Собирая материалы об одном из «врагов народа», бывшего
директора Полтавского института сельскохозяйственного строительства Терентия
Титовича Манько, я встретился с живым свидетелем того ужасного преступления,
тогдашним четверокурсником того же вуза Алексеем Владимировичем Рощинским.
Он много рассказал о своем директоре, так как некоторое время сидели в одном
каземате и видел его прежде чем в последний раз вывели из камеры. Тогда же я
узнал и о трагической судьбе семьи Рощинских, которой сталинский
репрессивный маховик, захватив в кровавую круговерть, тоже принес столько
страданий и горя.
И вот я в скромной двухкомнатной, но уютной квартире. Семидесятидвухлетний
хозяин жилья роста выше среднего, коренастый, с выразительными чертами лица
и молодецкими глазами. Его приветливость и непосредственная сердечность
как-то магически вызывают доверие.
— Мой отец родом с Черниговщины, — начал свой рассказ Алексей Владимирович.
– В семье было пятеро детей: трое сынов и две дочурки. Хотя мой дед —
псаломщик и не имел никакой собственности, однако от прихода кое-что
перепадало. И еще от преподавания в сельской школе. Итак, не голодали и дети
имели возможность получить определенное образование. Отец закончил сельскую
школу, а со временем трехклассное городское училище.

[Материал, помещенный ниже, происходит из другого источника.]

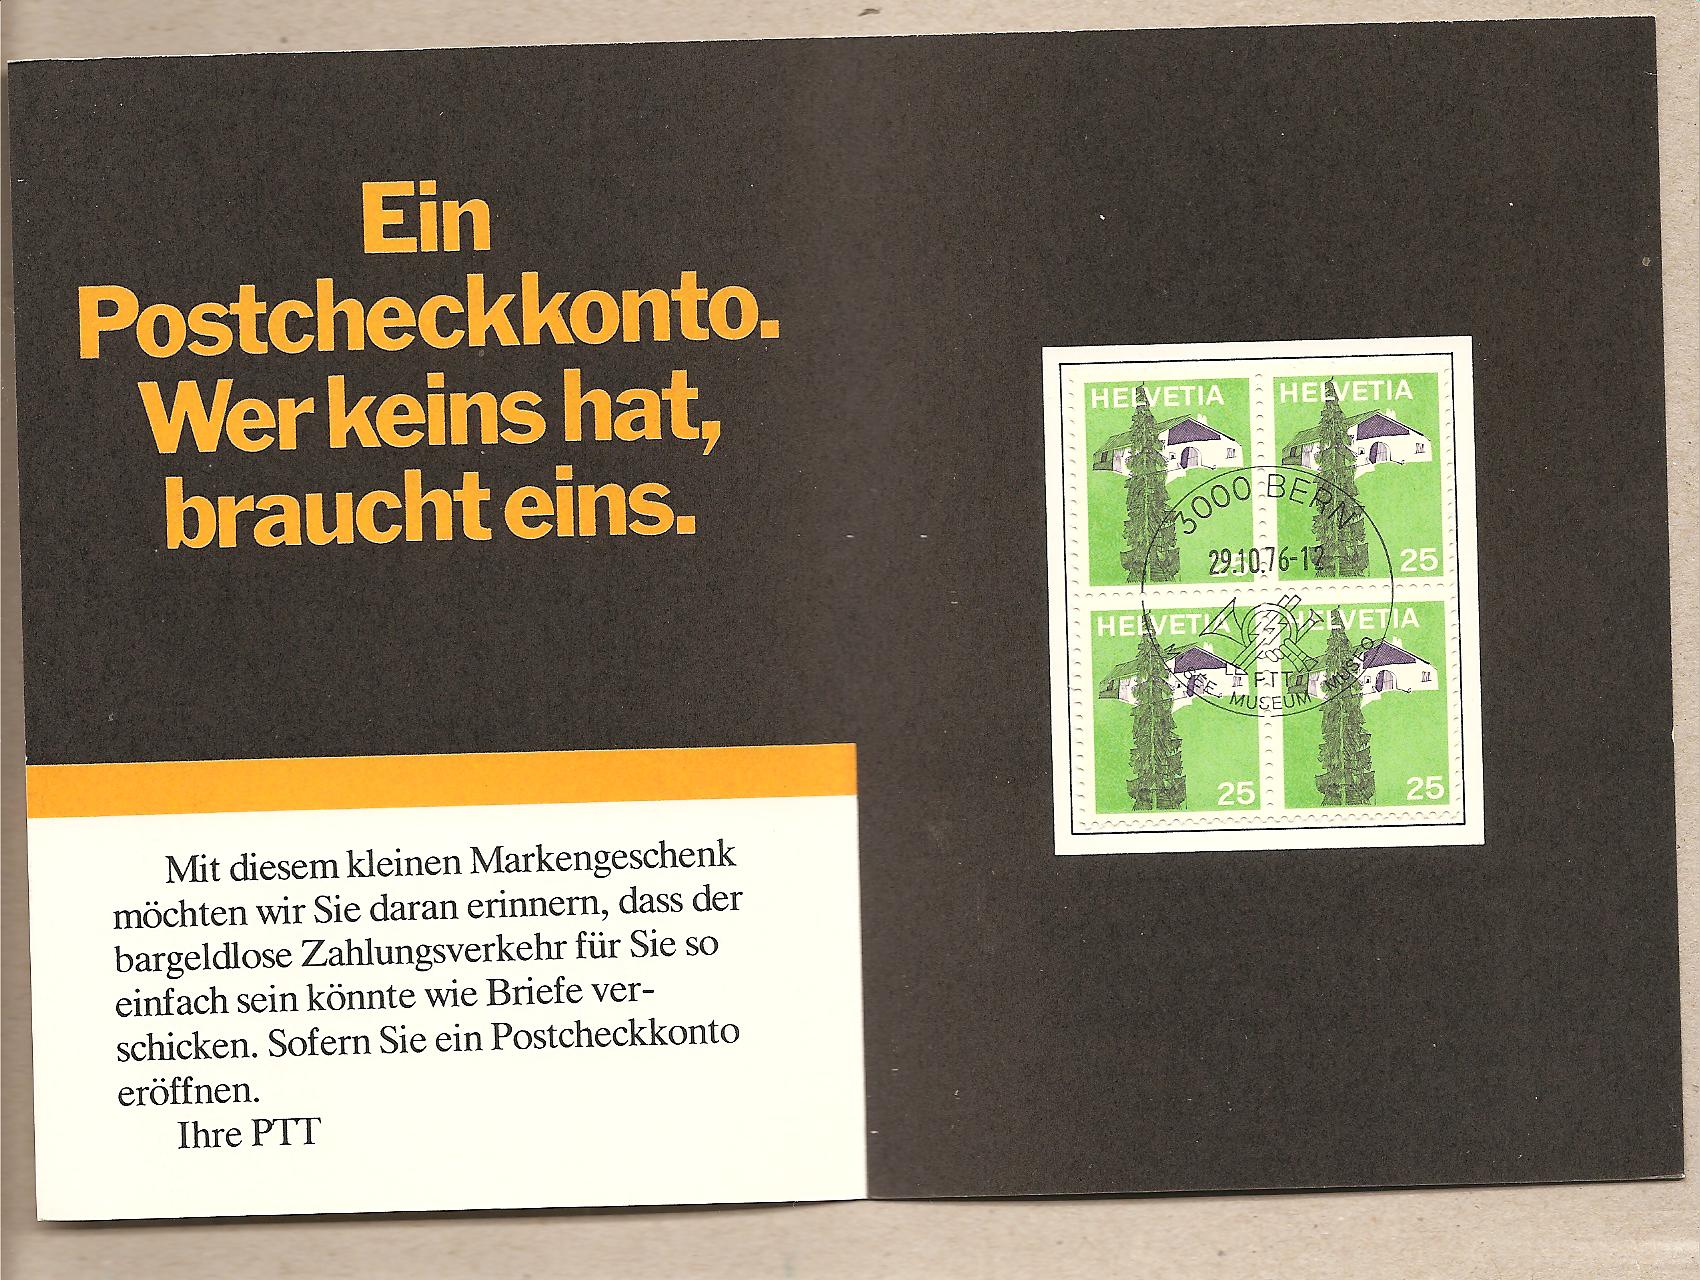 36155 - Svizzera - carnet pubblicitario Poste Svizzere con quartina serie: Paesaggi caratteristici svizzeri - 1973 * G

В августе 1908 года Владимир Рощинский, успешно пройдя конкурсные условия,
вступает на Глуховские педагогические одногодичные курсы. И вот уже получил
назначение на должность учителя в Опошнянскую двухклассную школу, где
проработал шесть лет. Здесь вступил в брак. Женой стала тоже учительница —
Мария Сергеевна Линник.
В конце 1912 года в семье Рощинских появился первенец — сын Юрий. А через
два года семья пополнилась еще одним мальчиком. Родители его назвали
Александром. Жили скромно, только с мизерного жалованья, которое получали за
преподавание. И все же Владимира Федоровича не оставляла мысль получить
высшее образование. Так вот, как только подвернулась такая возможность, в
августе 1915 года вступает в Глуховский учительский институт, а через три
года заканчивает его с правом преподавать в высших начальных школах все
дисциплины, а в особенности математику, так как показал во время обучения
незаурядные способности по этому предмету. Рощинский получает назначение в
Ковалевскую высшую начальную школу Зеньковского уезда (ныне это село
отнесено к Шишацкому району), где преподавал математику и физику. Сюда
переезжает и жена с детьми. Она тоже работает учительницей. Пять лет прожили
они здесь.
Год двадцать третий для семьи Рощинских выдался не из легких. Старая болезнь
обострилась, и Владимиру Федоровичу пришлось лечь на лечение в Зеньковскую
больницу. Того же года его снова назначают на работу в Опошню, где он
заведовал семилетней районной опорной школой, а также преподавал свои
любимые предметы. В ней учились и сыновья Юрий и Александр. Третий сын
Алексей (мой собеседник родился в год Октябрьского переворота) тоже начинал
обучение в этой семилетке.
Осенью 1930 года Рощинские переезжают в Полтаву. Владимира Федоровича
назначают заведующим 17-й Полтавской семилетней школой. Одновременно он
преподавал и математику. Мария Сергеевна устроилась учительницей в школу №2.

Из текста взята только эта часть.